[[ PROVIDED DATA open ]]

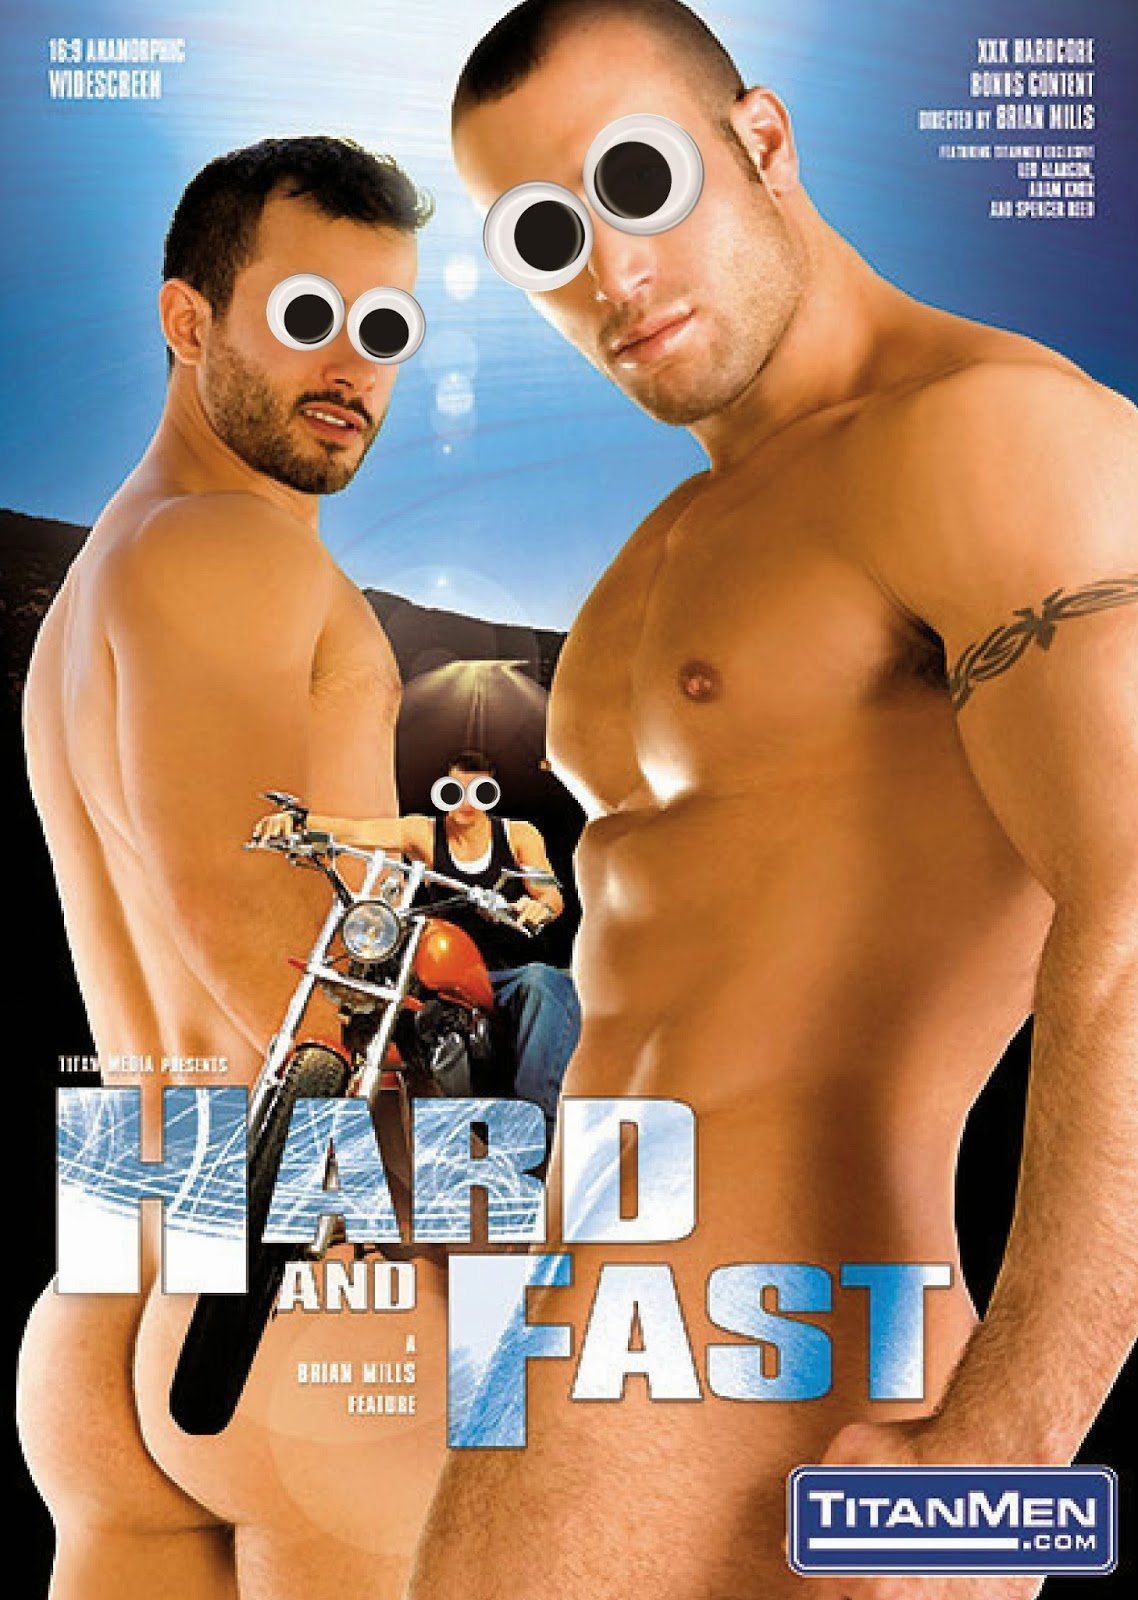 Gay porn movie titles
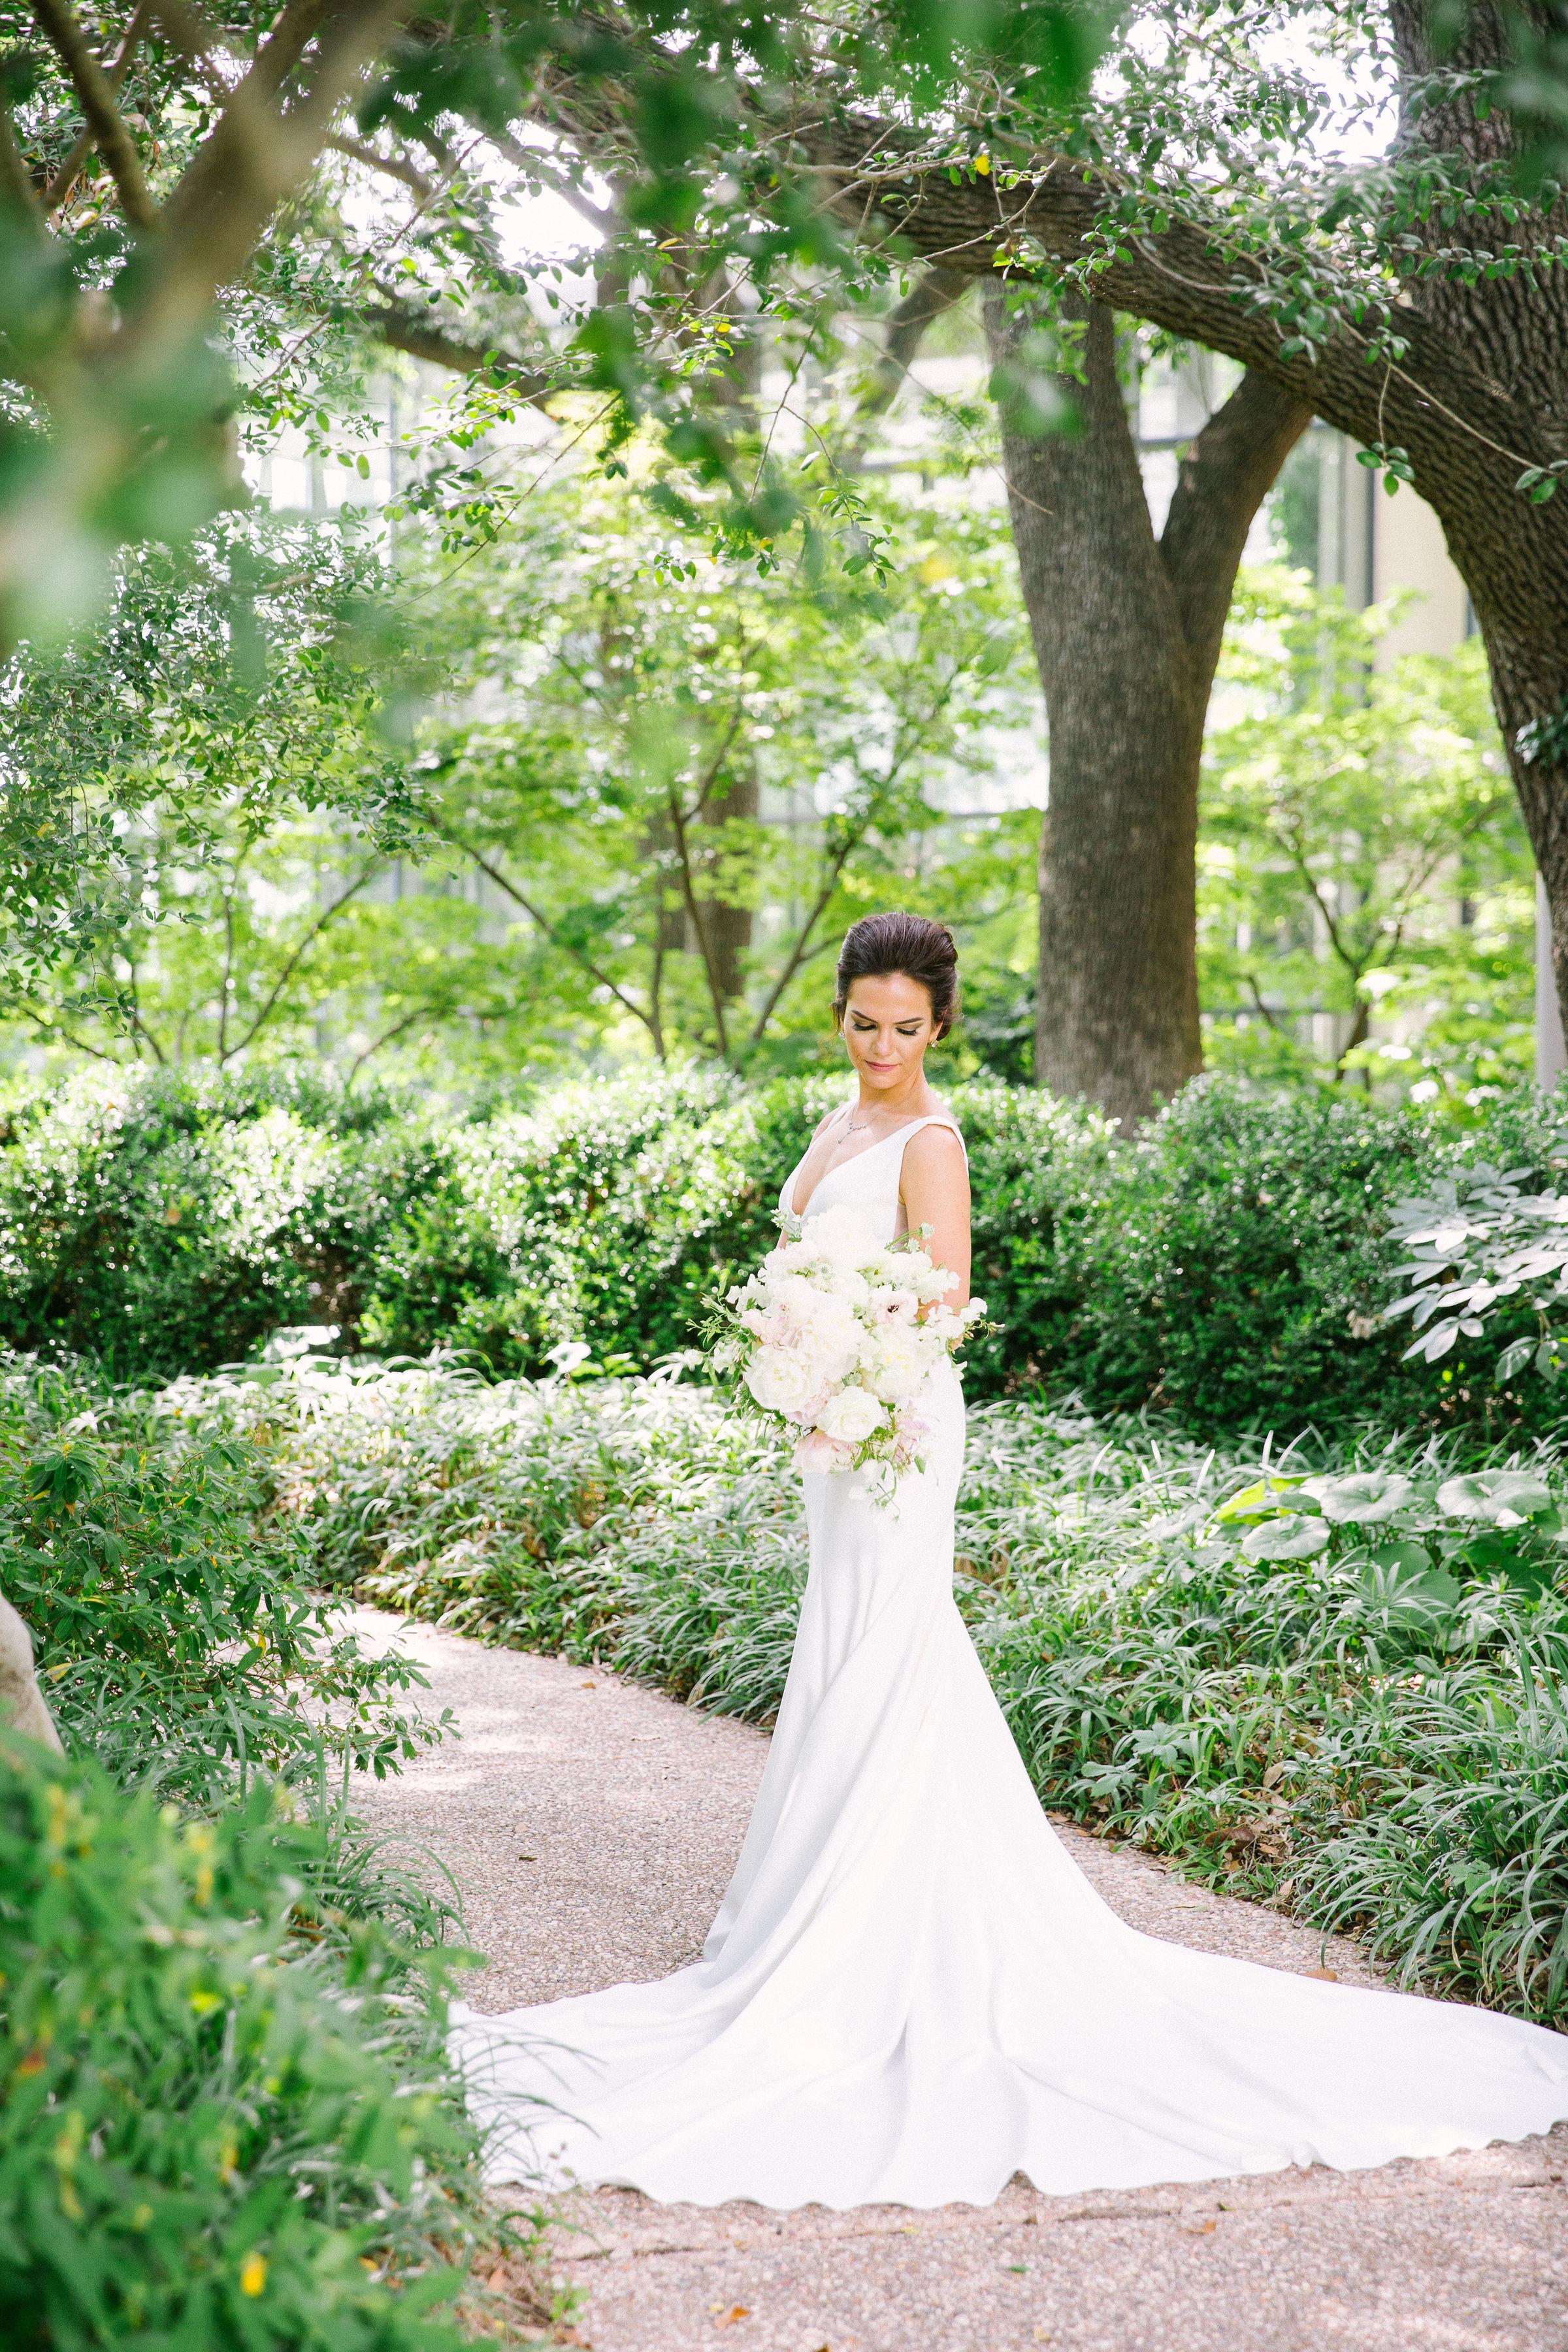 Ellen-Ashton-Photography-Dallas-Wedding-Photographers-Ivory-and-vine-Weddings-779.jpg
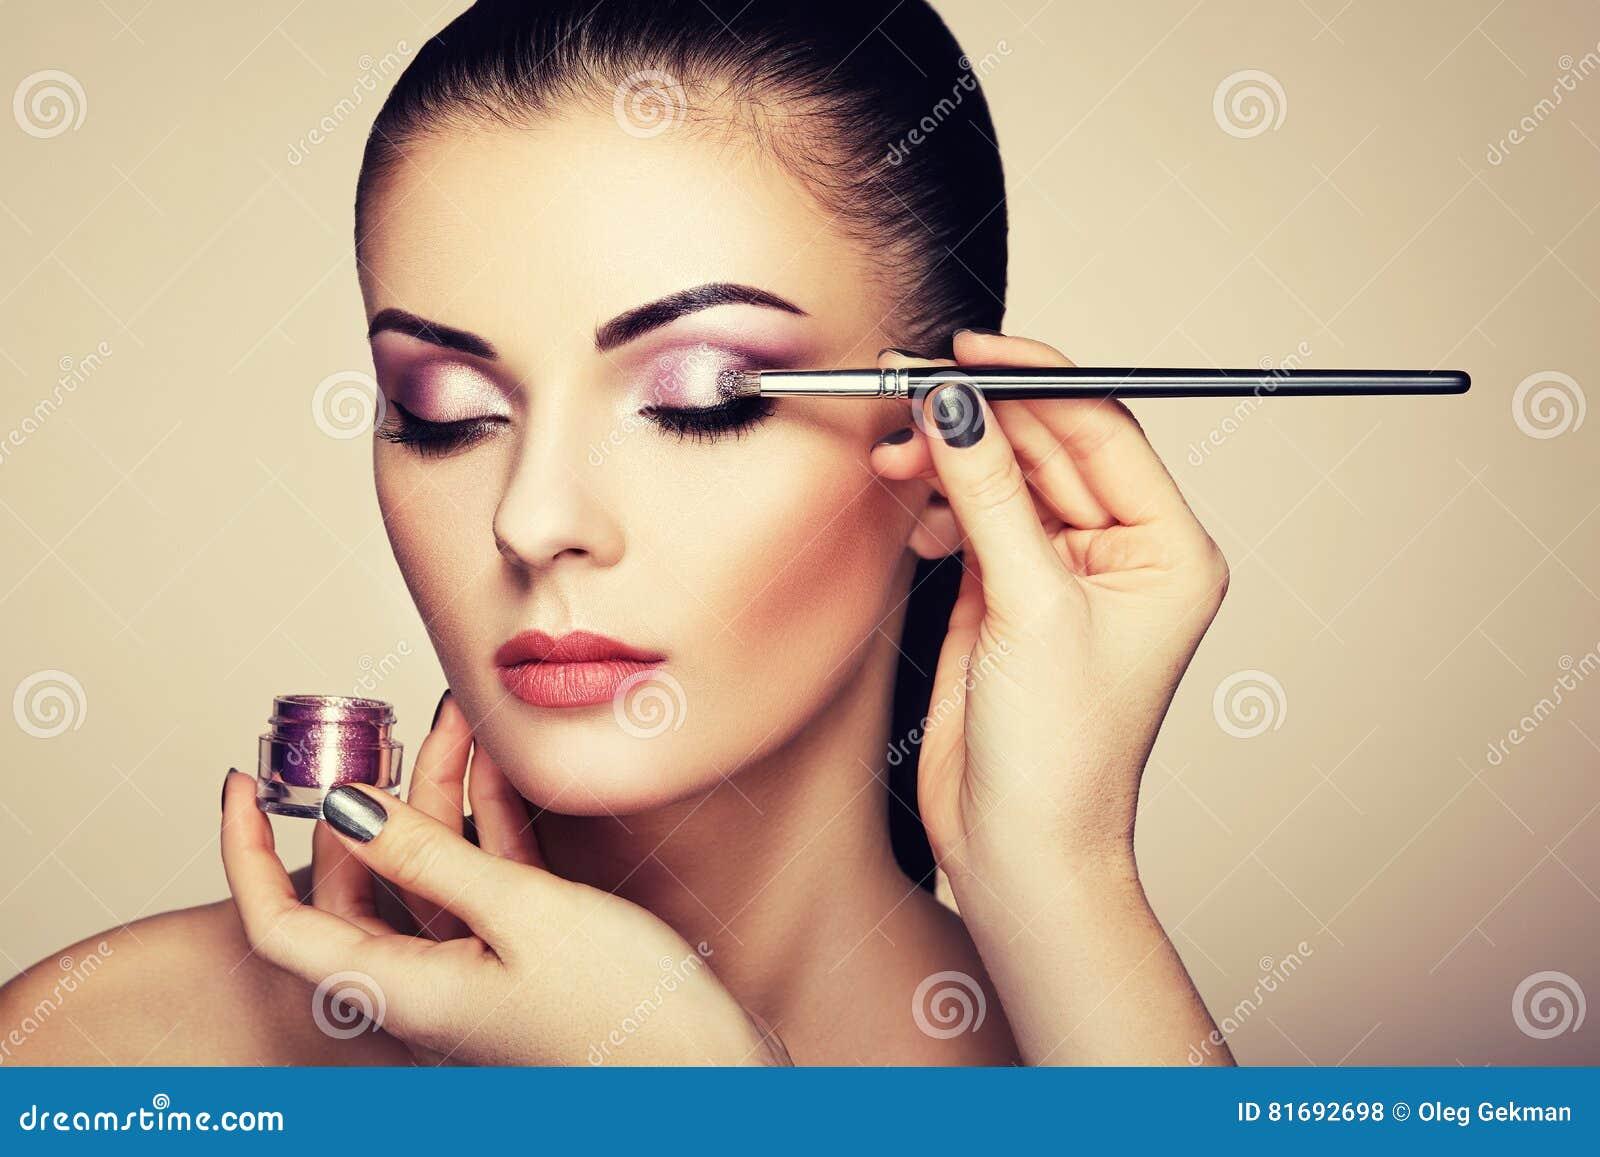 Makeup Artist Applies Eye Shadow Stock Photo - Image of

[[ PROVIDED DATA closed ]]

Would you please retype all the data exactly? Leave out whatever pictures it holds.

**ANSWER TO THE EXERCISE**
 Gay porn movie titles
 Ellen-Ashton-Photography-Dallas-Wedding-Photographers-Ivory-and-vine-Weddings-779.jpg
 Makeup Artist Applies Eye Shadow Stock Photo - Image of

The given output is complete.